◆ About this task
All that is needed is the line containing "4* Marelen Hotel" and the lines after it to the end of the material, written out exactly, pictures left aside.

◆ Information provided
· · · ·

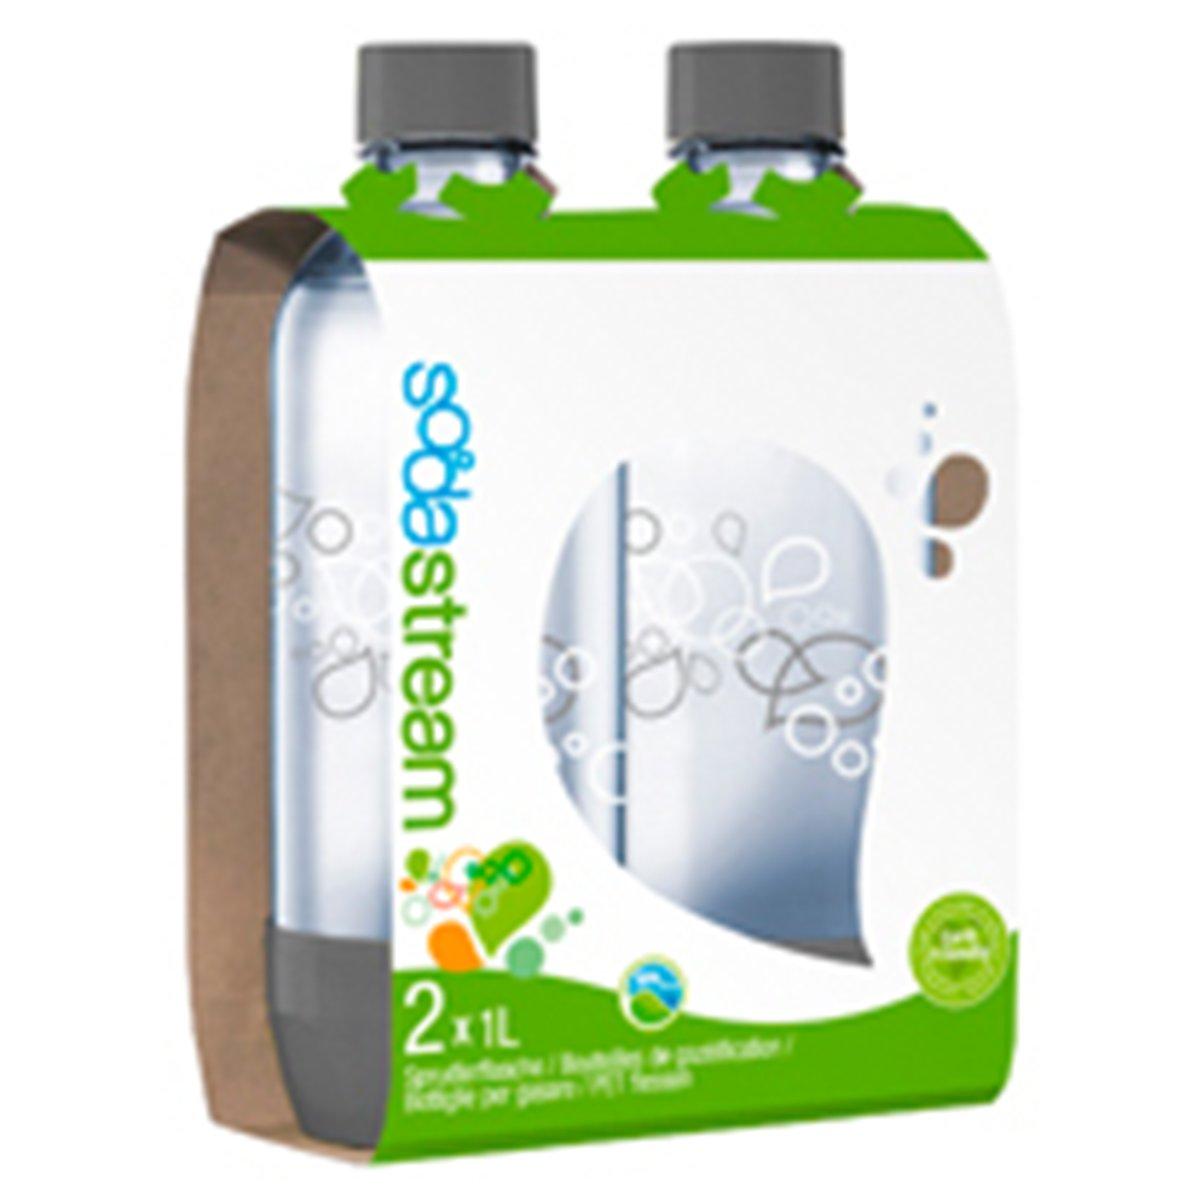 Sodastream Waterfilterkan Herbruikbare flessen - 2 flessen pack
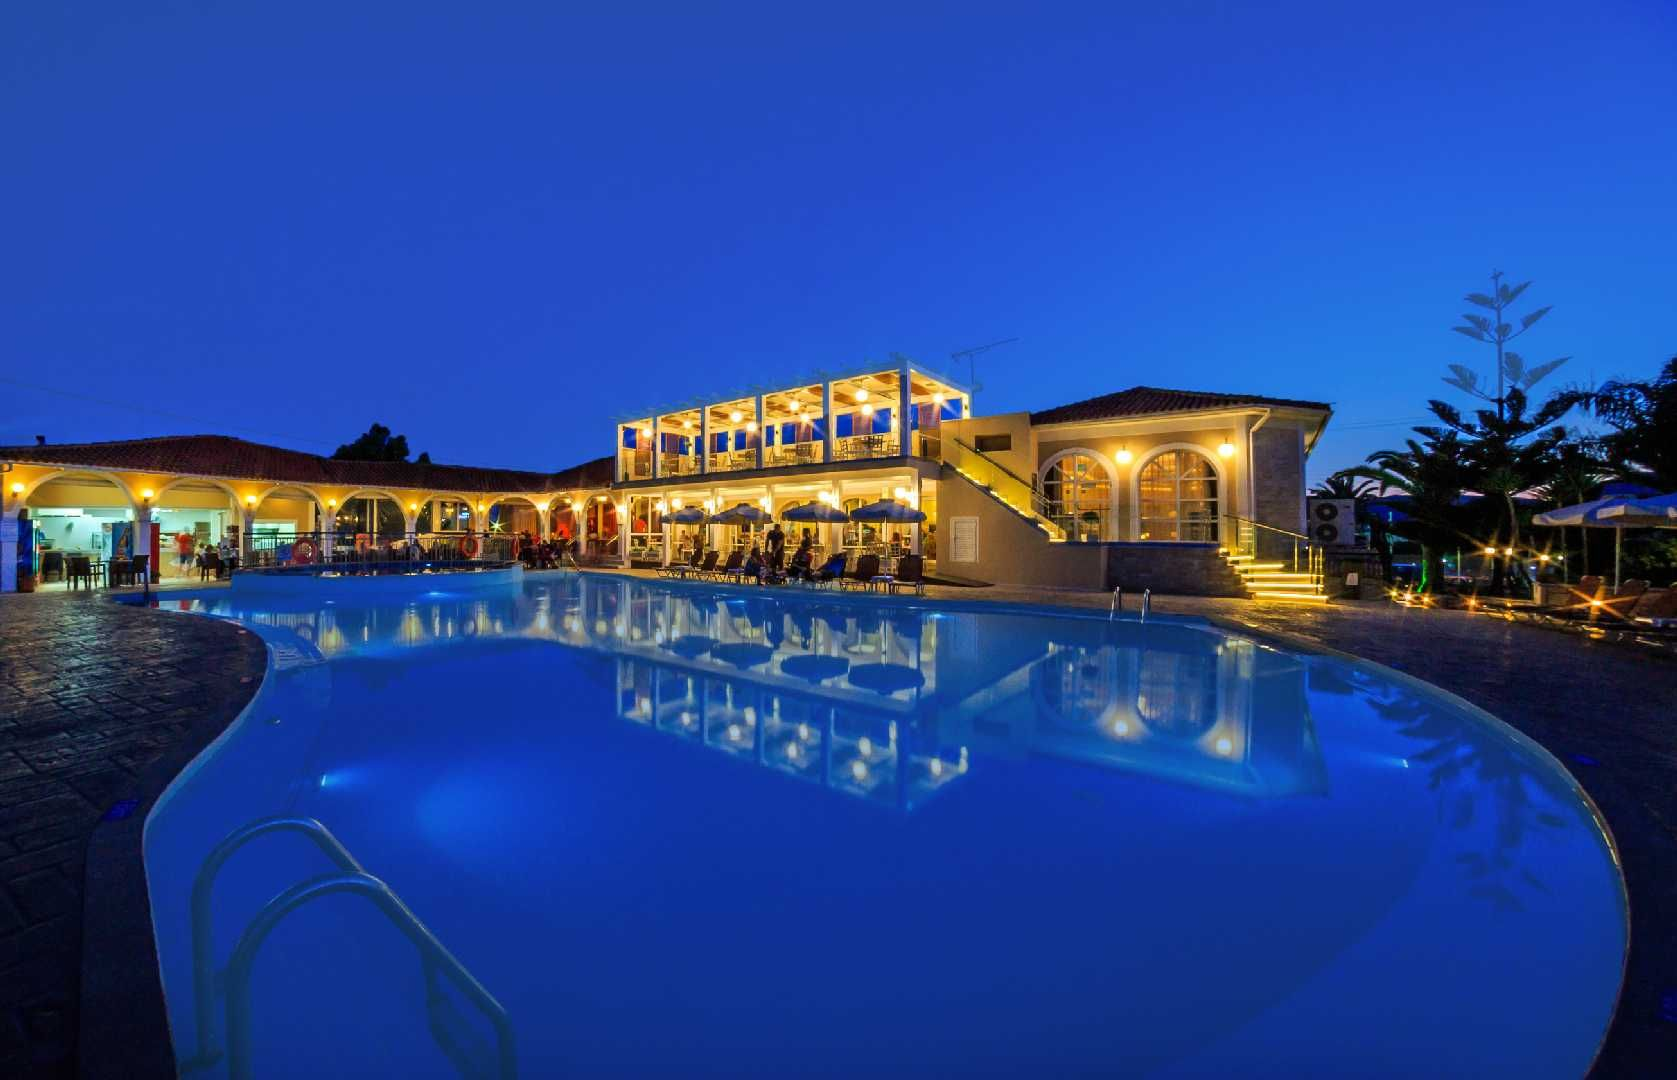 4* Marelen Hotel - Ζάκυνθος ✦ 2 Ημέρες (1 Διανυκτέρευση) ✦ 2 άτομα ✦ Πρωινό ✦ 01/05/2021 έως 31/05/2021 ✦ Κοντά στην παραλία!
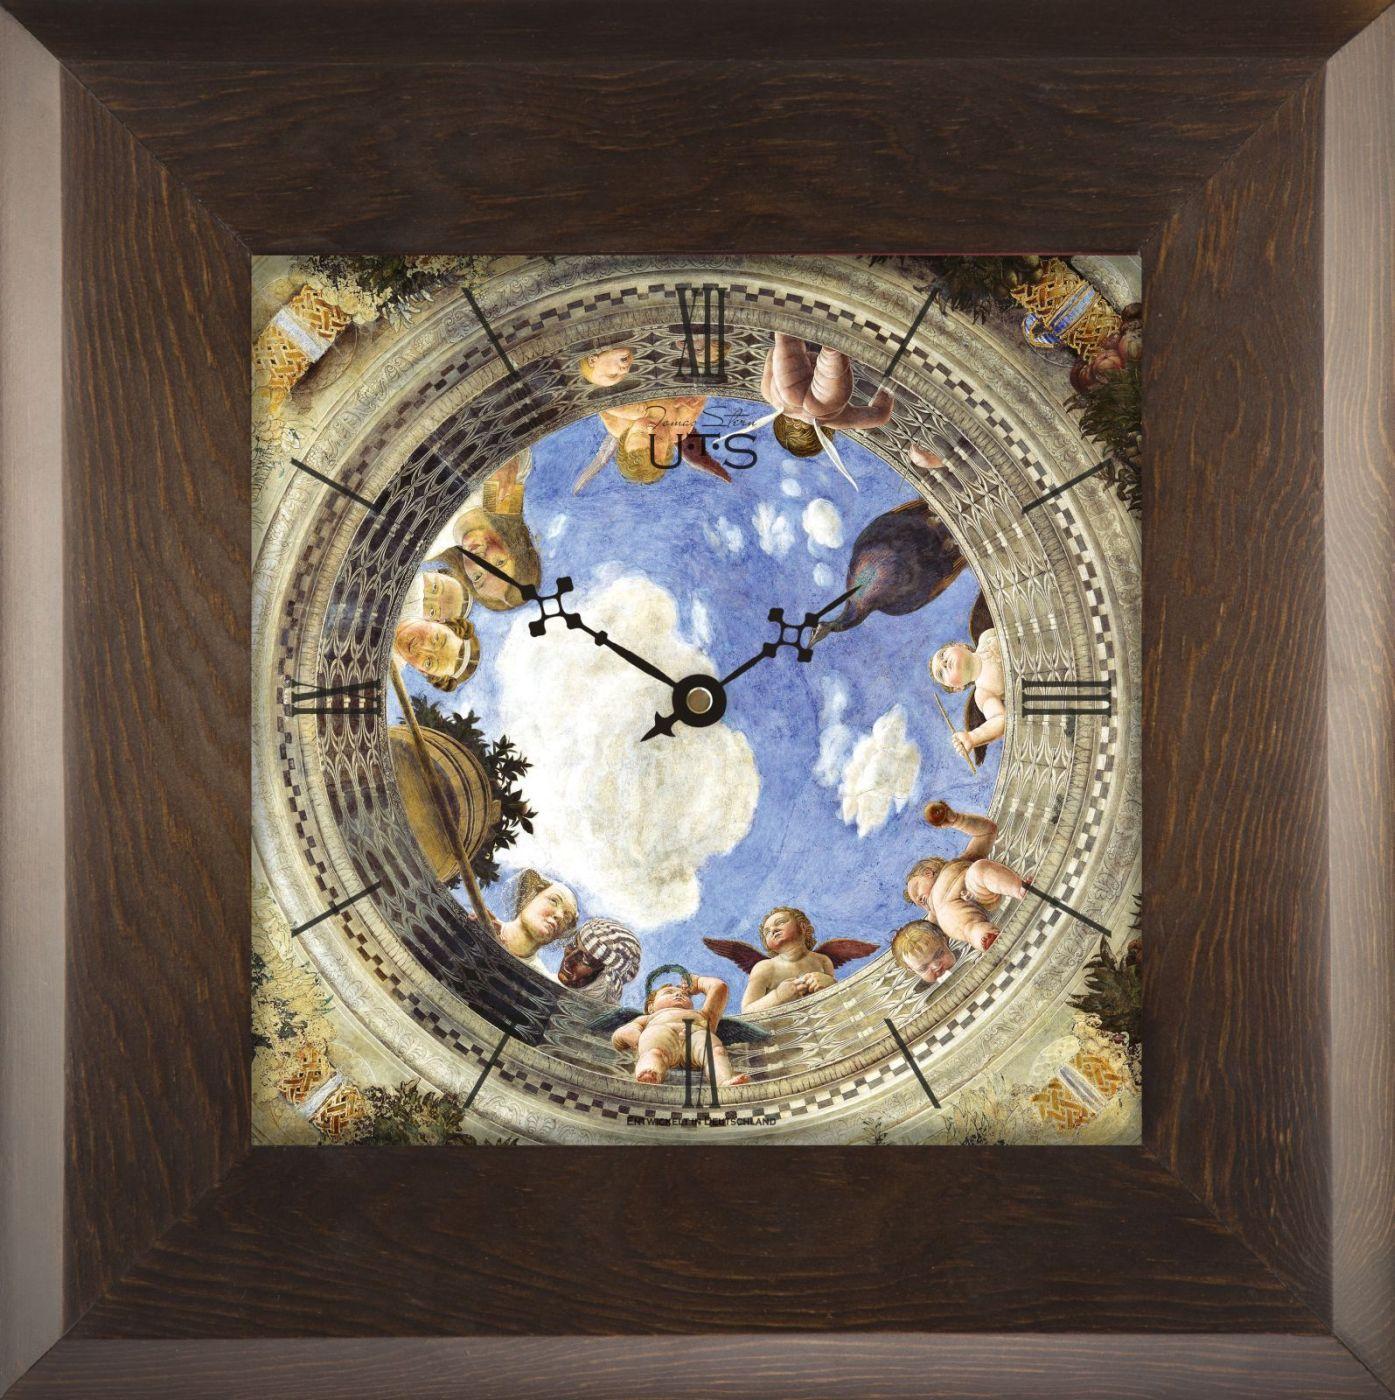 Часы настенные Часы настенные Tomas Stern 7005 chasy-nastennye-tomas-stern-7005-germaniya-tayvan.jpg

· · · ·

◆ Task output
 4* Marelen Hotel - Ζάκυνθος ✦ 2 Ημέρες (1 Διανυκτέρευση) ✦ 2 άτομα ✦ Πρωινό ✦ 01/05/2021 έως 31/05/2021 ✦ Κοντά στην παραλία!
 Часы настенные Часы настенные Tomas Stern 7005 chasy-nastennye-tomas-stern-7005-germaniya-tayvan.jpg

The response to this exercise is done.